Auch hinterm Steuer wird mehr Komfort geboten, der Grammer-Fahrersitz aus der Grundausstattung reicht in den meisten Fällen. Unser Tipp: Vor dem Kauf probesitzen, der Hersteller bietet hier ein ganzes Sortiment. Das Comfort-Plus-Cockpit lockt Chauffeure mit feinem Lederlenkrad, elektrischen Dachluken und dem neuen Coach-Media-System. Der längere Zweiachser hat auch alle Sicherheitssysteme an Bord, der neue Tourismo kann neuerdings mit allen verfügbaren Assistenten – auch mit dem ABA 4-Notbremsassistenten – zum Safety-Coach hochgerüstet werden. Sie stehen auf der Optionsliste, man muss sie also extra bezahlen.

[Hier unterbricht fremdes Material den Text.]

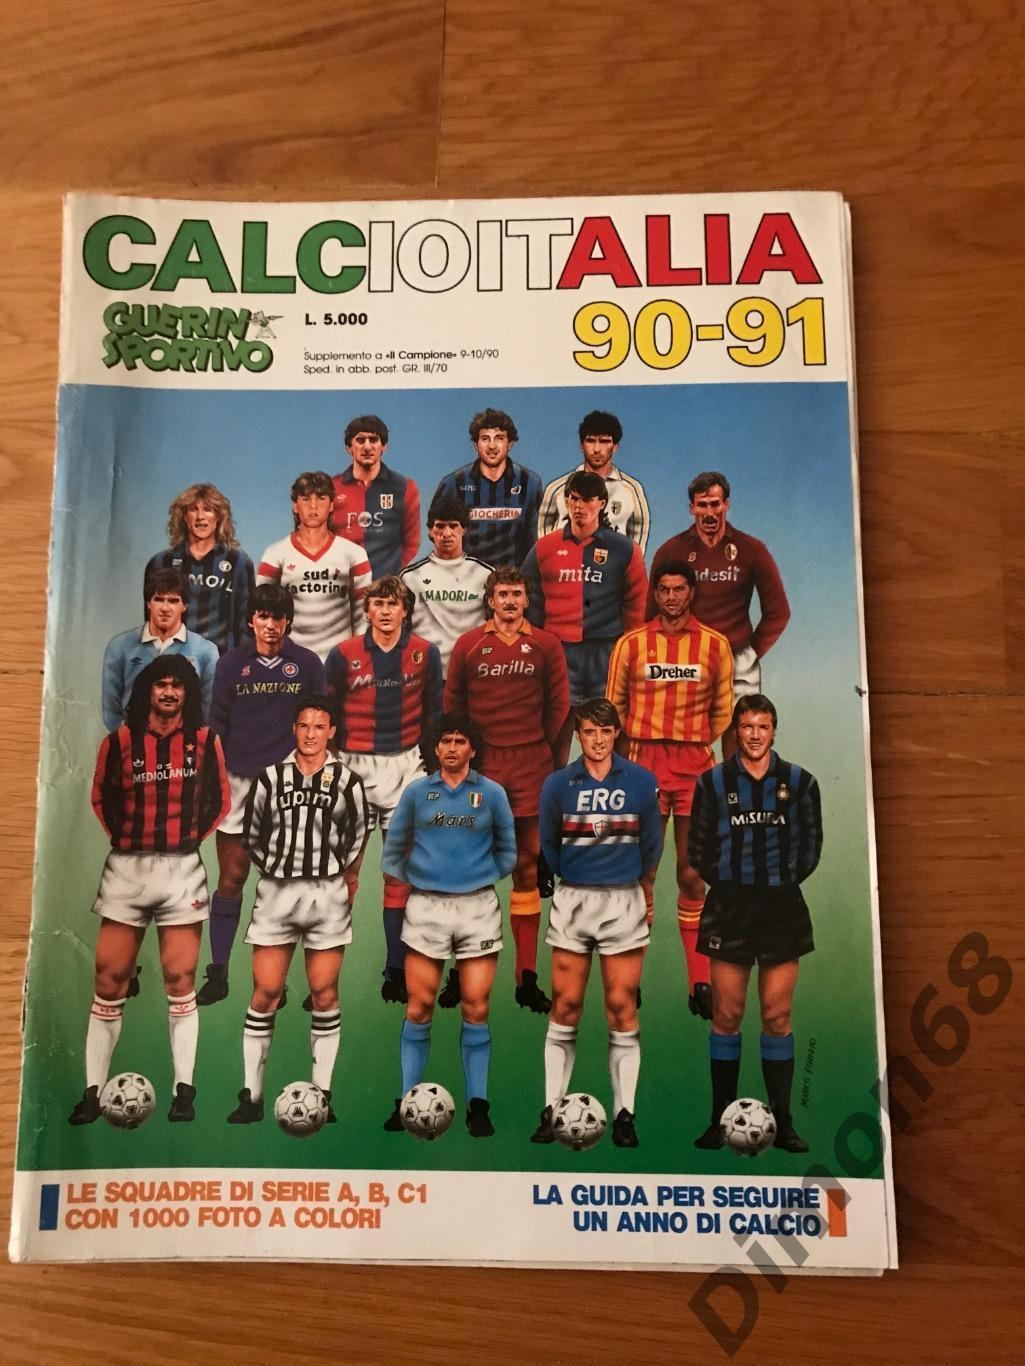 Calcioitalia 90/91г представление серии A,B,C1журнал целый

Das viel gepriesene LED-Licht bleibt dem Tourismo noch verwehrt. Er trägt ja die Bi-Xenon-Scheinwerfer der schweren Actros-LKW – erst wenn der LED-Scheinwerfer bekommt, werden sie auch für den Tourismo angeboten. Und noch ein paar Kleinigkeiten haben wir uns notiert: Das nicht ganz billige Navigationsgerät hat nicht wunschgemäß funktioniert. Und die Ecoroll-Funktion lässt den Tourismo nur im PPC-Tempomat-Betrieb segeln, nicht aber, wenn man mit dem Pedal fährt. Doch die Test-Begleiter beruhigen: „Es sind ja noch sehr frühe Fahrzeuge. Technisch wird da und dort nachgebessert“. Der Tourismo hat noch etwas Luft nach oben, wir bleiben jedenfalls am Ball.

Unter dem Strich
Der erste Auftritt hat überzeugt, der neue Tourismo ist modern, aber bodenständig. Kein Überflieger mit verwegenen Technologien, aber genau deshalb trifft er den Geschmack und die Anforderungen der Kunden. Mit der Einstiegsmotorisierung ist der nutzlaststarke Zweiachser ein Fall für kürzere Distanzen und einfache Topografien, einer für die Pflicht und weniger für die Kür. Dann freilich mit Powershift-Getriebe oder Ecolife-Getriebe, das gut funktionierende Handschaltgetriebe lässt sich besser mit dem großen Motor kombinieren. Effizienter aber ist das automatisierte Achtganggetriebe, das im langen M-Strich-Zwei-Tourismo eine gelungene Vorstellung gibt. Der empfiehlt sich nachdrücklich für die Fernlinie, auch wenn wir da und dort noch ein wenig Handlungsbedarf sehen.